Она подумала о своих друзьях. Вот они, идут почти рядом с ней, негромко переговариваются о чем-то. Катрин, Рибейрак, Вержи… Неожиданно у нее стукнуло сердце. Этьен ведь любит ее! А она? Нет. Пока что нет. Пока что… Но сколько ждать? И случится ли это? А ей хотелось любить. Ей всего двадцать три, и она мечтала о ласках, объятиях, страстных поцелуях, которыми будет одаривать ее любимый человек. И она станет отвечать ему тем же, ибо вулкан страстей — не тот, прежний, а новый, молодой пока еще — будет непрерывно диктовать ей это. А ведь тот, кто любит ее, хорош собой, красив, силен! На его счету два поединка, из обоих он вышел победителем. Интересно, что послужило причиной? Она обязательно узнает. Когда? Ответ придет, когда они вдвоем отправятся на прогулку в окрестности Парижа. Это произойдет скоро, очень скоро. А сейчас? Бросить на него взгляд? А вдруг он не смотрит на нее? Ей показалось это неправильным, невозможным. И она повернула голову. Он смотрел на нее, мало того, любовался ею. И она, обрадовавшись этому, ответила искренней и чарующей улыбкой. Так и шла дальше, улыбаясь и думая уже только о своем брате и о том, в кого ей захотелось влюбиться.
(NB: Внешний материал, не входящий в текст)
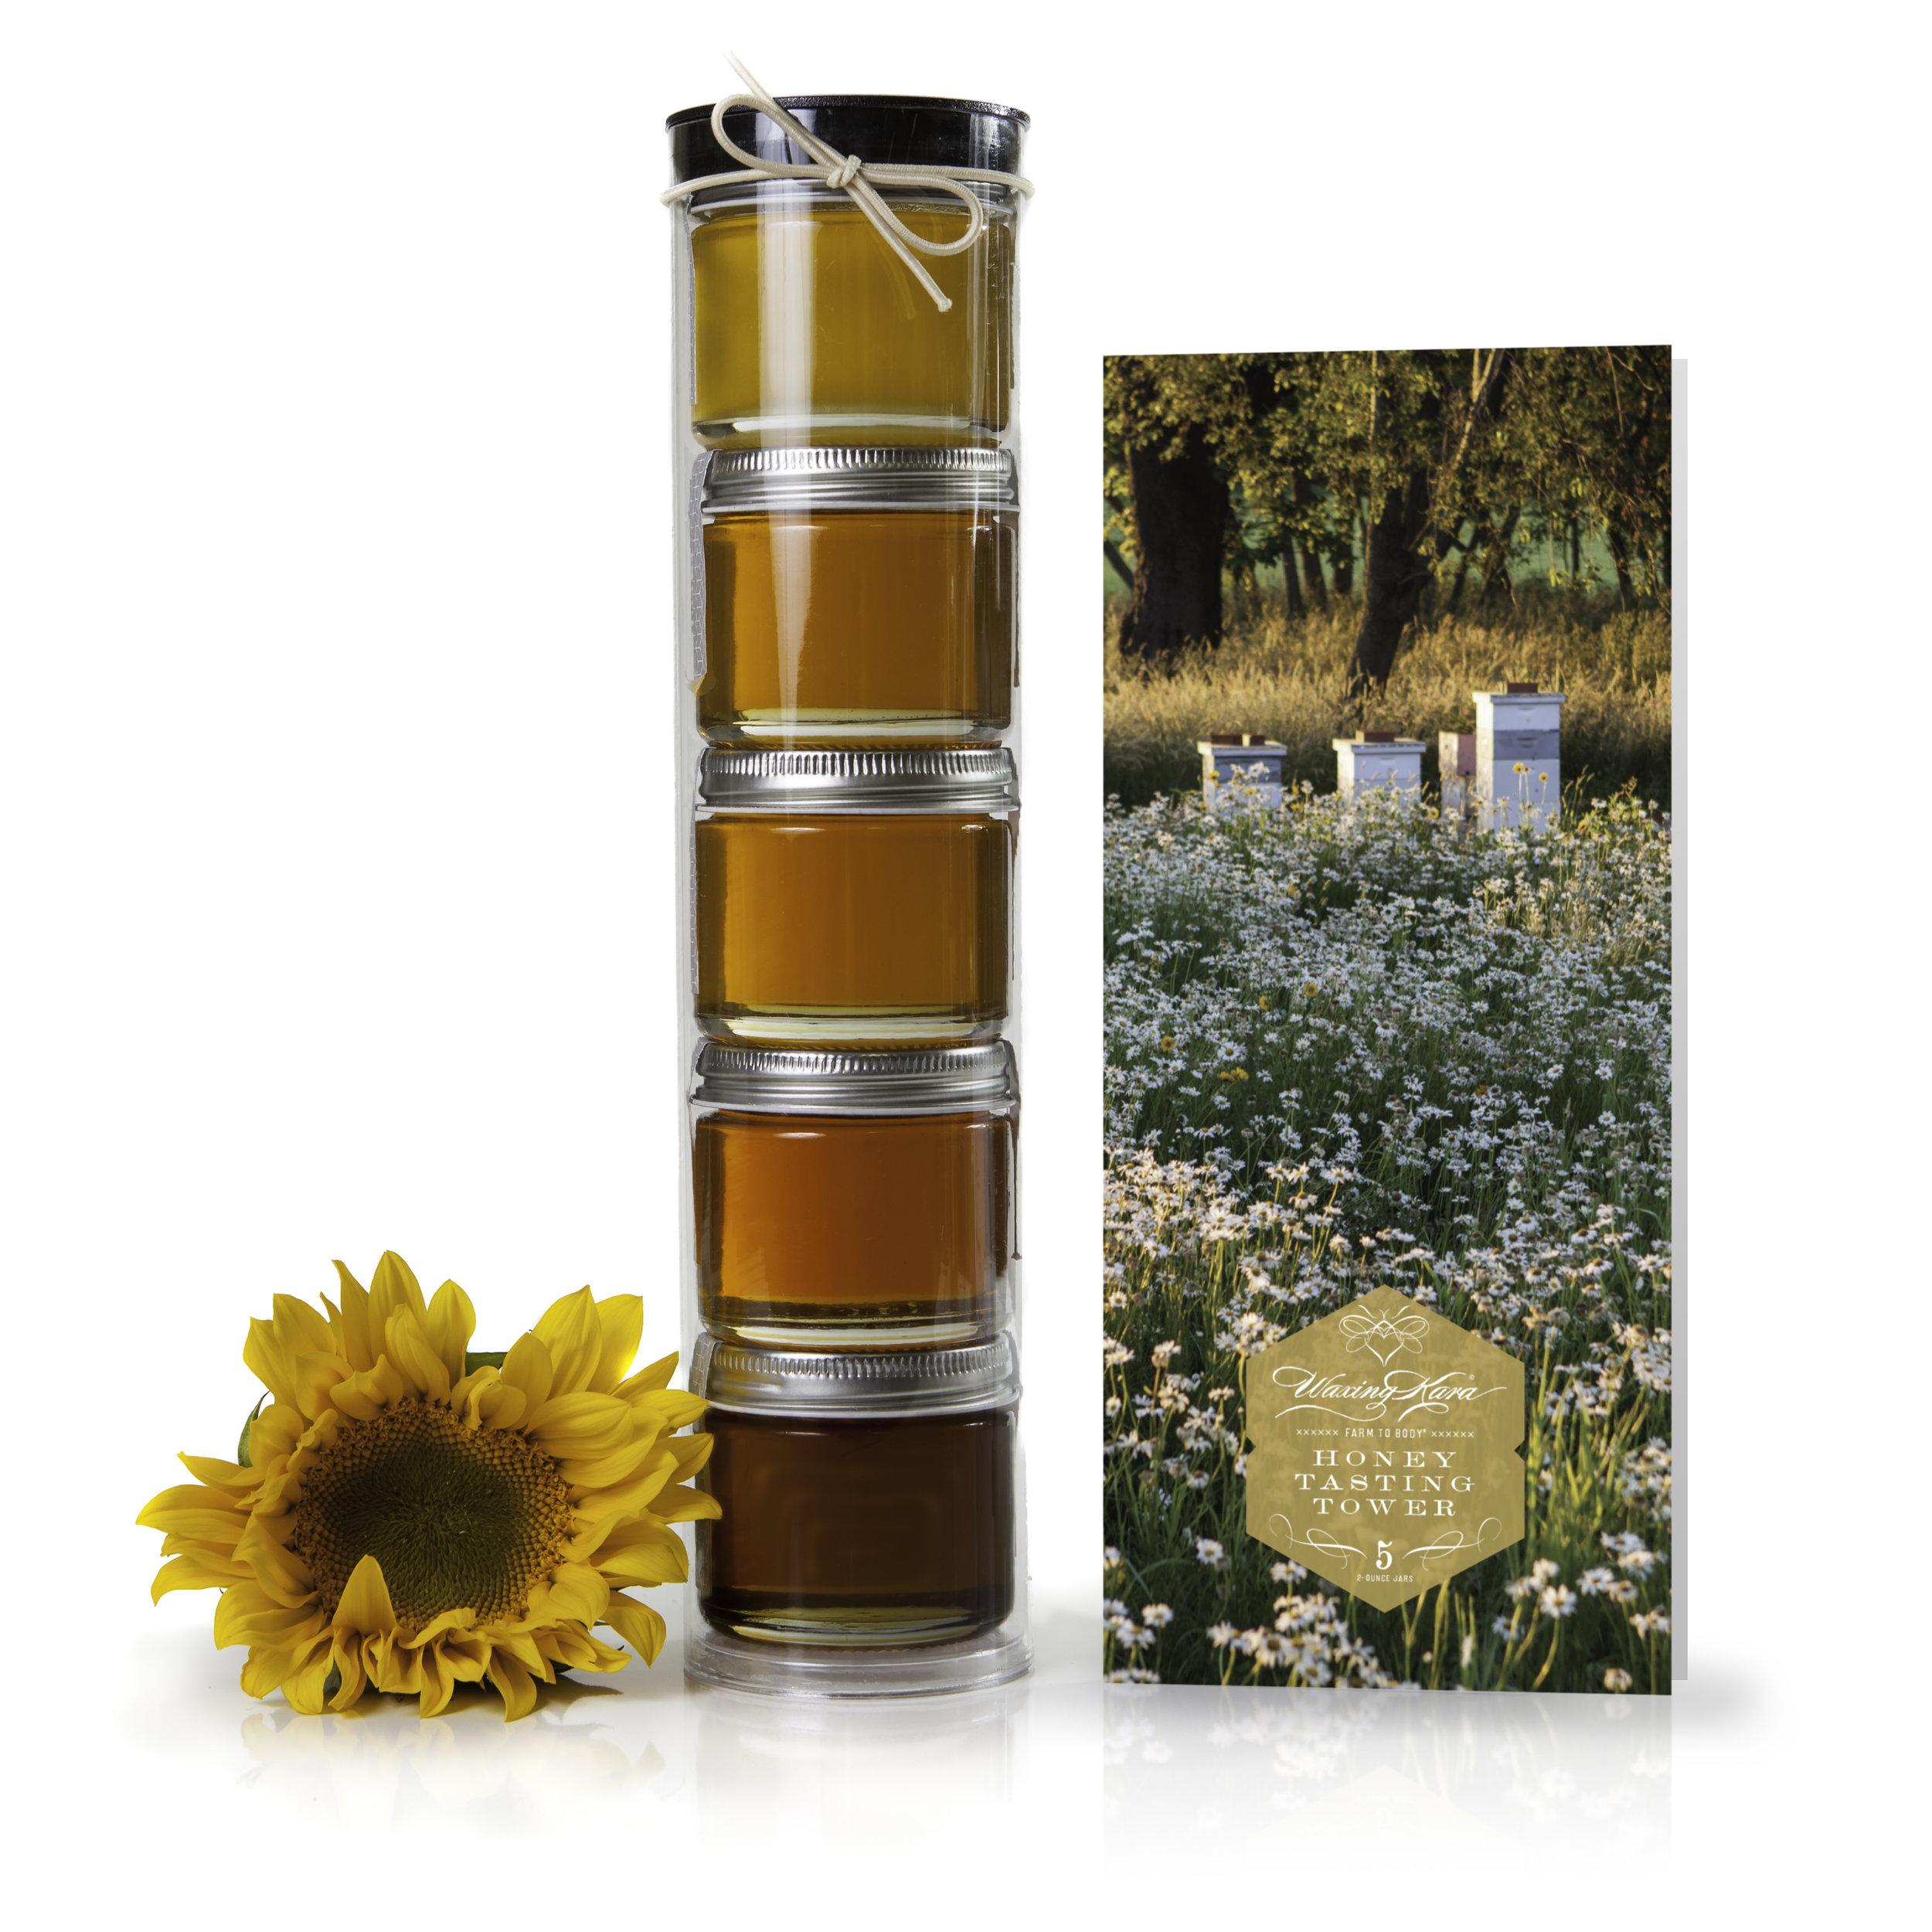 Waxing Kara Honey Tasting Tower

Неожиданно Катрин взяла ее за руку:
— Чему ты улыбаешься, ведь герцог даже не взглянул на тебя.
Анна поцеловала подругу в щеку:
— Это и привело меня в восторг, Катрин, душа моя!
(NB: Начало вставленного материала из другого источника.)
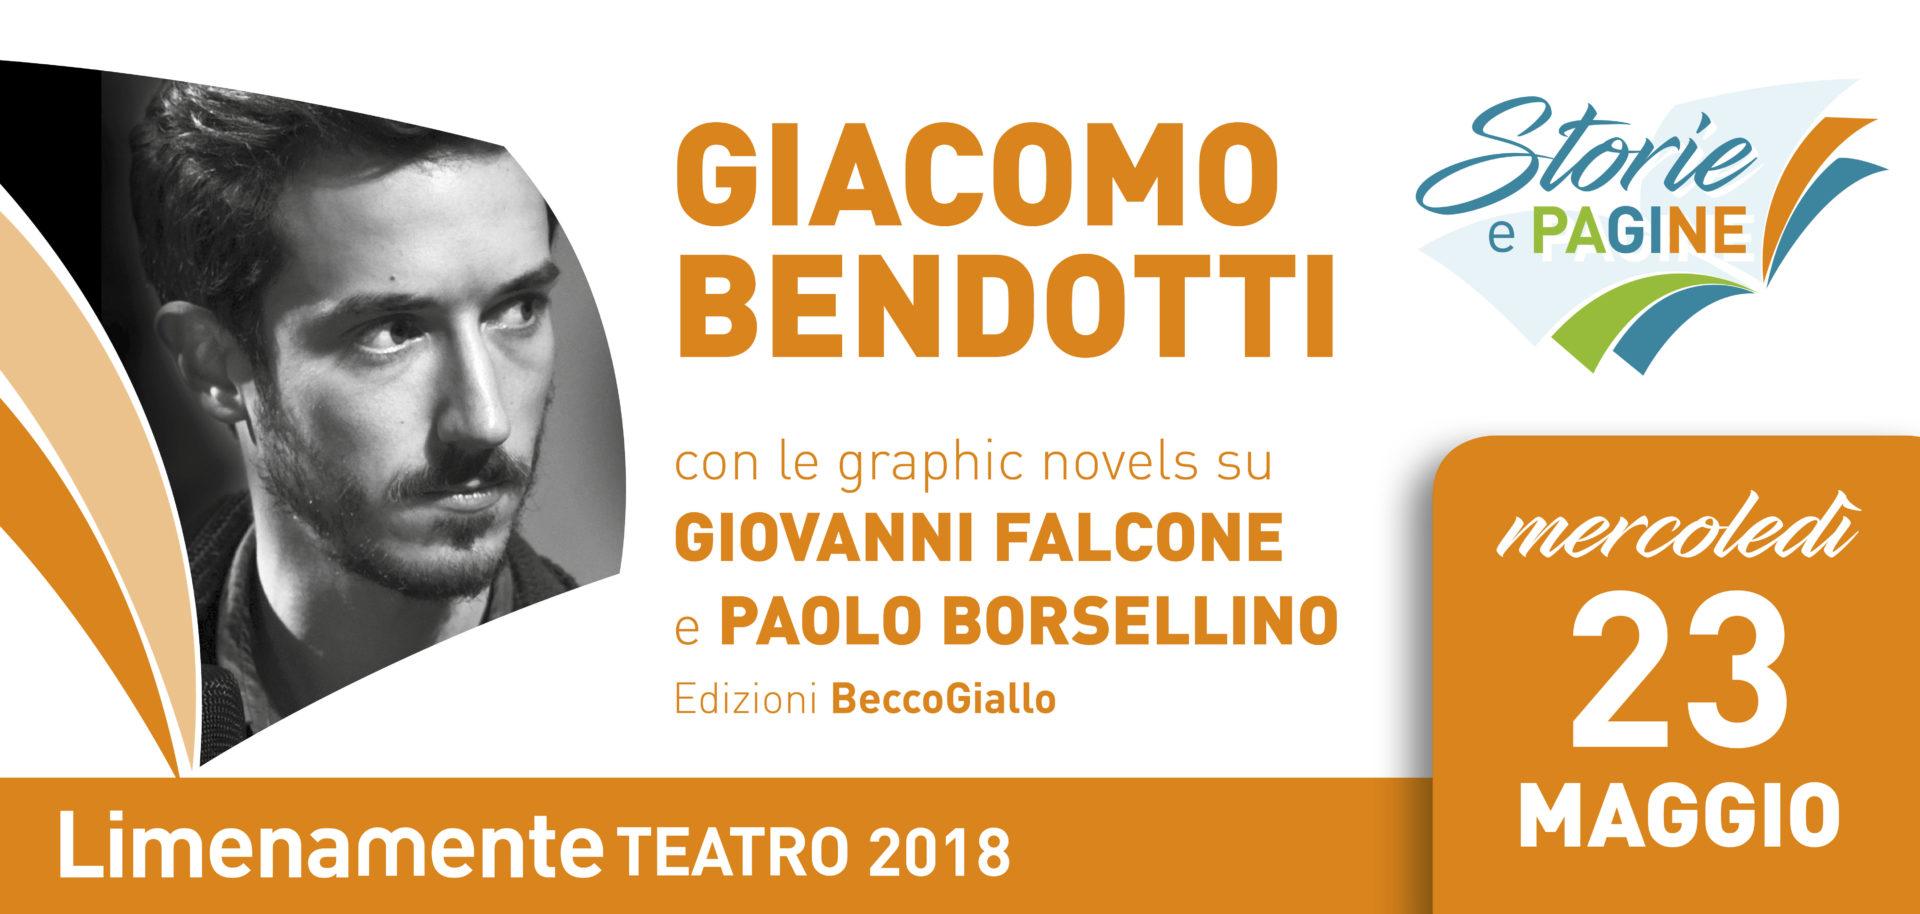 Storie e Pagine – Giacomo Bendotti

— Ну, слава богу, наконец ты отыскала веник, которым вымела сор из души. Однако, черт побери, Анюта, не пропадать же улыбке, которая, несомненно, вызовет восхищение у того, кто так жаждет ее увидеть. Он идет справа, подари ему свои губы и глаза. Одна любовь убьет другую — незыблемый закон жизни; этому учил, помнится, кто-то из древних мыслителей.
— Только что я подарила Этьену и то и другое, Катрин, милая. Боже мой, как я тебя люблю!
А народ уже готовился к веселью, зная по опыту и от стариков, что оно продлится не один день — с песнями, танцами, буффонадами и обильными застольями, на которых рекой течет вино. Как всегда в таких случаях, да и многих, им подобных, не обошлось без пересудов среди горожан.
— Юный король-то пригож собой и в седле сидит крепко, — говорили одни, — да вот нос у него крупноват и ростом маловат; но с носа воду не пить, а росту со временем нужным быть.
— Слух идет, он хилый, часто болеет, — поддерживали беседу другие. — Упаси бог, уйдет молодым в мир иной. Кто тогда царствовать станет?
— Его сестра! — авторитетно заявляли третьи. — Нынче ведь она — регентша. Да только как же это — сроду не было баб на троне Франции.
— Теперь, стало быть, будет, — охотно вступали в разговор четвертые. — Покойный король самой умной из баб ее назвал. Не зря, надо думать.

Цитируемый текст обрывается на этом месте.